La contestation est sérieuse lorsque l’un des moyens de défense opposé au demandeur n’apparaît pas immédiatement vain et laisse subsister un doute sur le sens de la décision susceptible d’intervenir au fond.
L’absence de contestation sérieuse implique l’évidence de la solution qu’appelle le point contesté. Il appartient au demandeur d’établir l’existence de l’obligation qui fonde sa demande de provision tant en son principe qu’en son montant, qui n’a d’autre limite que le montant non sérieusement contestable de la créance alléguée.
En l’espèce, il résulte des débats et de l’examen des pièces produites que la demande se heurte à des contestations sérieuses incontournables impliquant nécessairement d’être appréciées par le juge du fond.
En effet, l’instance au fond en cours et précédemment évoquée a justement pour objet de déterminer les responsabilités de chacun dans le sinistre ayant conduit à la surconsommation d’eau litigieuse dont l’éventuelle responsabilité de la société Eau de [Localité 5] Métropole, le syndicat des copropriétaires de l’ensemble immobilier dénommé SDC [Adresse 4] représenté par son syndic en exercice la société CENTURY 21 Immo Conseil indiquant ne pas avoir reçu les alertes adressées par la société Eau de [Localité 5] Métropole.

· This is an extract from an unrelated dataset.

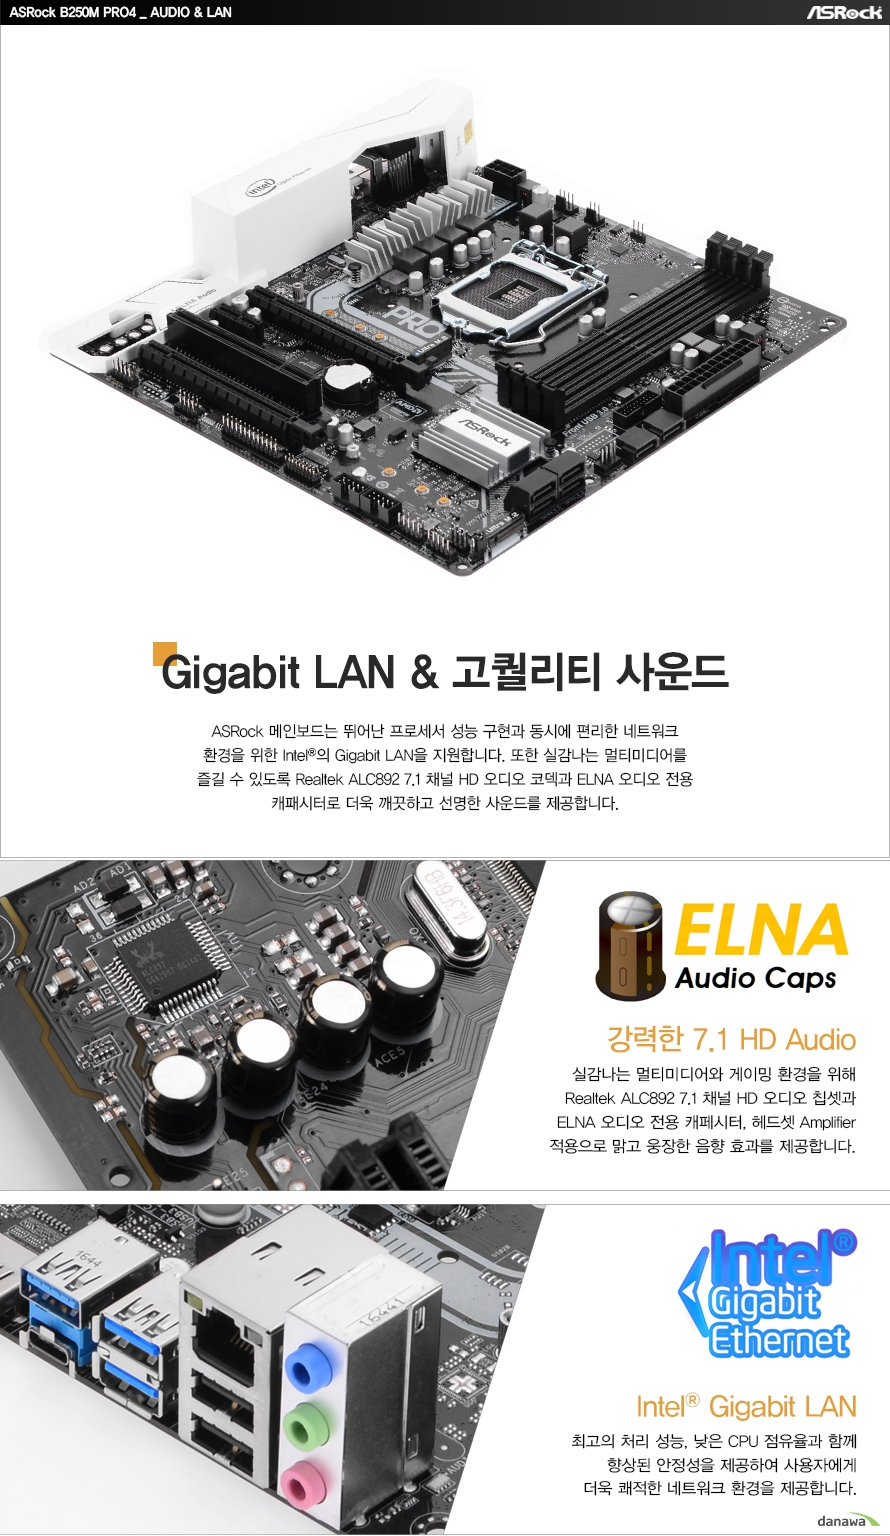 ASRock B250M PRO4 AUDIO, LANGigabit LAN, 고퀄리티 사운드ASRock 메인보드는 뛰어난 프로세서 성능 구현과 동시에 편리한 네트워크환경을 위한 Intel의 Gigabit LAN을 지원합니다. 또한 실감나는 멀티미디어를즐길 수 있도록 Realtek ALC892 7.1 채널 HD 오디오 코덱과 ELNA 오디오 전용캐패시터로 더욱 깨끗하고 선명한 사운드를 제공합니다.ELNA Audio Caps 강력한 7.1 HD Audio실감나는 멀티미디어와 게이밍 환경을 위해 Realtek ALC892 7.1 채널 HD 오디오 칩셋과 ELNA 오디오 전용 캐페시터, 헤드셋 Amplitier 적용으로 맑고 웅장한 음향 효과를 제공합니다.Intel Gigabit LAN최고의 처리 성능, 낮은 CPU 점유율과 함께 향상된 안정성을 제공하여 사용자에게 더욱 쾌적한 네트워크 환경을 제공합니다.

Il apparait que ces alertes ont été réalisées par lettre simple et qu’aucune des pièces versées aux débats ne permet de faire la preuve de ce que le syndicat des copropriétaires de l’ensemble immobilier dénommé SDC [Adresse 4] représenté par son syndic en exercice la société CENTURY 21 Immo Conseil a bien reçu ces missives.
Sur les dépens
Aux termes de l’article 696 du code de procédure civile, la partie perdante est condamnée aux dépens, à moins que le juge, par décision motivée, n’en mette la totalité ou une fraction à la charge d’une autre partie.
En l’espèce, la société Eau de [Localité 5] Métropole supportera les dépens de l’instance.
Sur l’article 700 du code de procédure civile
Aux termes de l’article 700 du code de procédure civile, le juge condamne la partie tenue aux dépens ou qui perd son procès à payer 1° à l’autre partie la somme qu’il détermine, au titre des frais exposés et non compris dans les dépens. Dans tous les cas, le juge tient compte de l’équité ou de la situation économique de la partie condamnée. Il peut, même d’office, pour des raisons tirées des mêmes considérations, dire qu’il n’y a pas lieu à ces condamnations.
En l’espèce, la société Eau de [Localité 5] Métropole, qui succombe, sera condamnée à verser à le syndicat des copropriétaires de l’ensemble immobilier dénommé SDC [Adresse 4] représenté par son syndic en exercice la société CENTURY 21 Immo Conseil la somme de 1000€ au titre de l’article 700 du code de procédure civile.
PAR CES MOTIFS, STATUANT PAR ORDONNANCE PRONONCÉE PAR MISE A DISPOSITION AU GREFFE, CONTRADICTOIRE ET EN PREMIER RESSORT,
Disons n’y avoir lieu à référé;
Condamnons la société Eau de [Localité 5] Métropole à payer à le syndicat des copropriétaires de l’ensemble immobilier dénommé SDC [Adresse 4] représenté par son syndic en exercice la société CENTURY 21 Immo Conseil la somme de 1000 € en application de l’article 700 du code de procédure civile ;
Laissons les dépens de l’instance en référé à la charge de la société Eau de [Localité 5] Métropole.